In the era of IVIG therapy, most children with KD do not have development of coronary artery aneurysms. With careful late clinical follow-up, such patients have morbidity and mortality rates that are similar to those in the normal population.39 However, data are conflicting on preclinical vascular changes in patients with KD in whom coronary abnormalities were never detected. Some studies in this subgroup have shown preclinical abnormalities in endothelial function, arterial stiffness, and myocardial flow reserve.20, 21, 22, 40, 41, 42, 43 For example, compared with normal subjects, they have been reported to have depressed endothelium-dependent brachial artery reactivity,22, 23 as well as higher brachial-radial artery mean pulse wave velocity, suggesting increased arterial stiffness.44, 45 Others have reported endothelial dysfunction only among patients with persistent coronary artery lesions,21 and that endothelial dysfunction is worst among those with coronary artery aneurysms.23 With respect to structural abnormalities, data are once again conflicting. Some investigators have found no difference in carotid artery IMT between patients with KD and control subjects,21, 23 consistent with the hypothesis that functional abnormalities might precede those of structure. In contrast, Cheung et al20 found increased carotid artery IMT even among patients with KD with normal coronary arteries, compared with control subjects.
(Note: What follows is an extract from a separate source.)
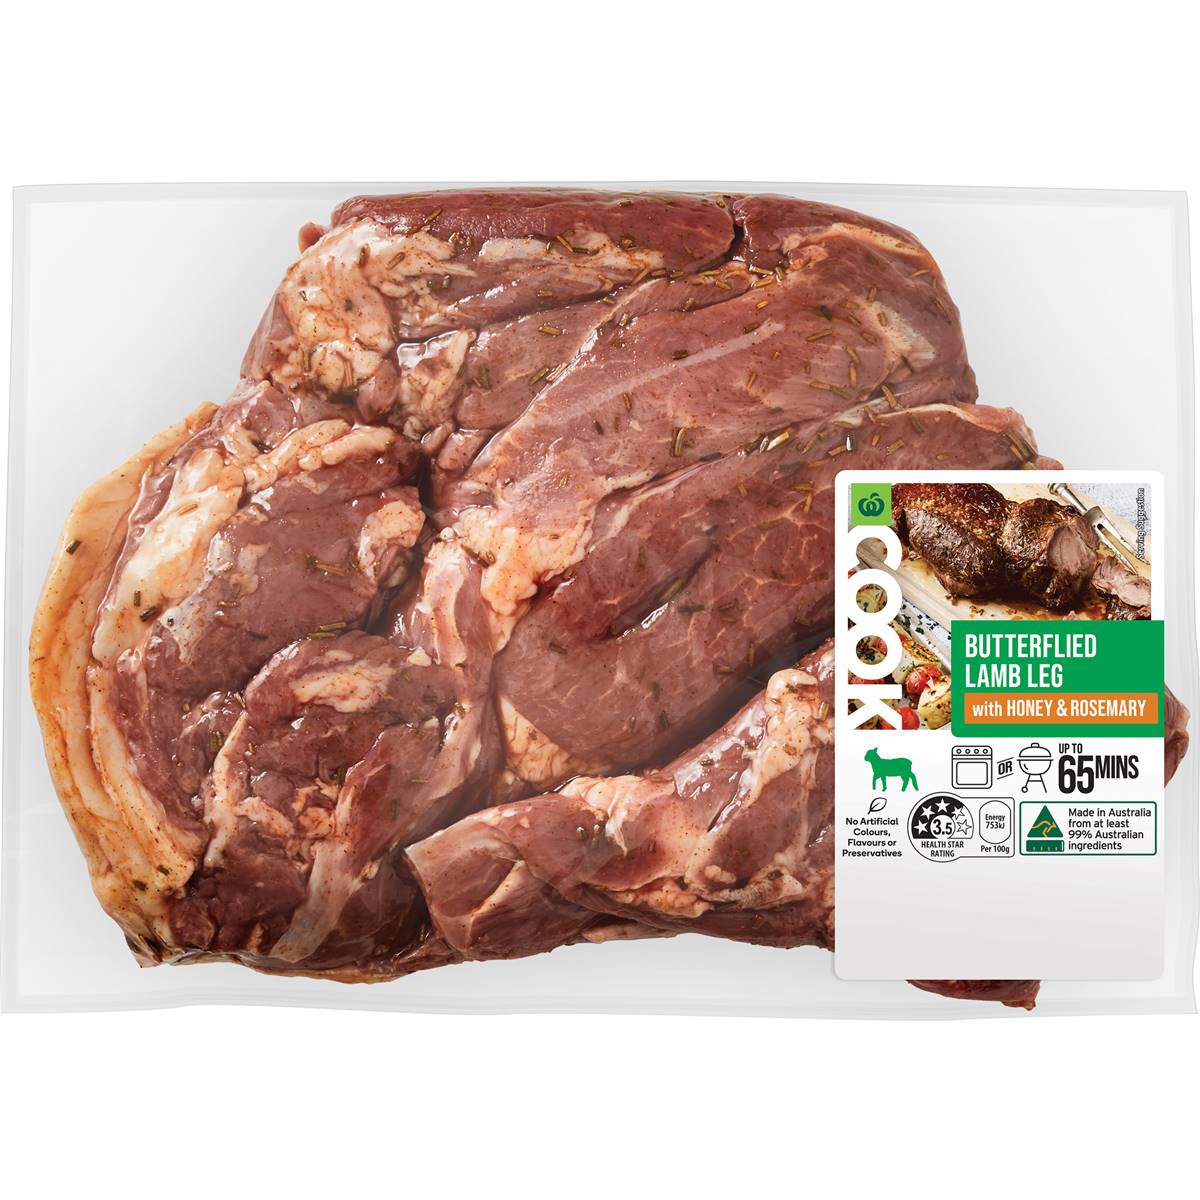 Calories in Woolworths Cook Butterflied Lamb Leg With Honey & Rosemary

Cardiac catheterization studies also have been conflicting with regard to whether endothelium-dependent relaxation is impaired in “normal” epicardial coronary artery segments of patients with KD.46, 47 Of note, patients with KD without a history of coronary artery dilation appear to have lower myocardial flow reserve and higher total coronary artery resistance than control subjects.42, 43 The only immunohistochemical study of the coronary arteries of a patient with KD without coronary dilation was performed in a child who died of unrelated causes48; compared with control subjects, the coronary artery intima was mildly thickened, and platelet-derived growth factor–α, transforming growth factor–β1, and inducible nitric oxide synthase were expressed in the intimal smooth muscle cells.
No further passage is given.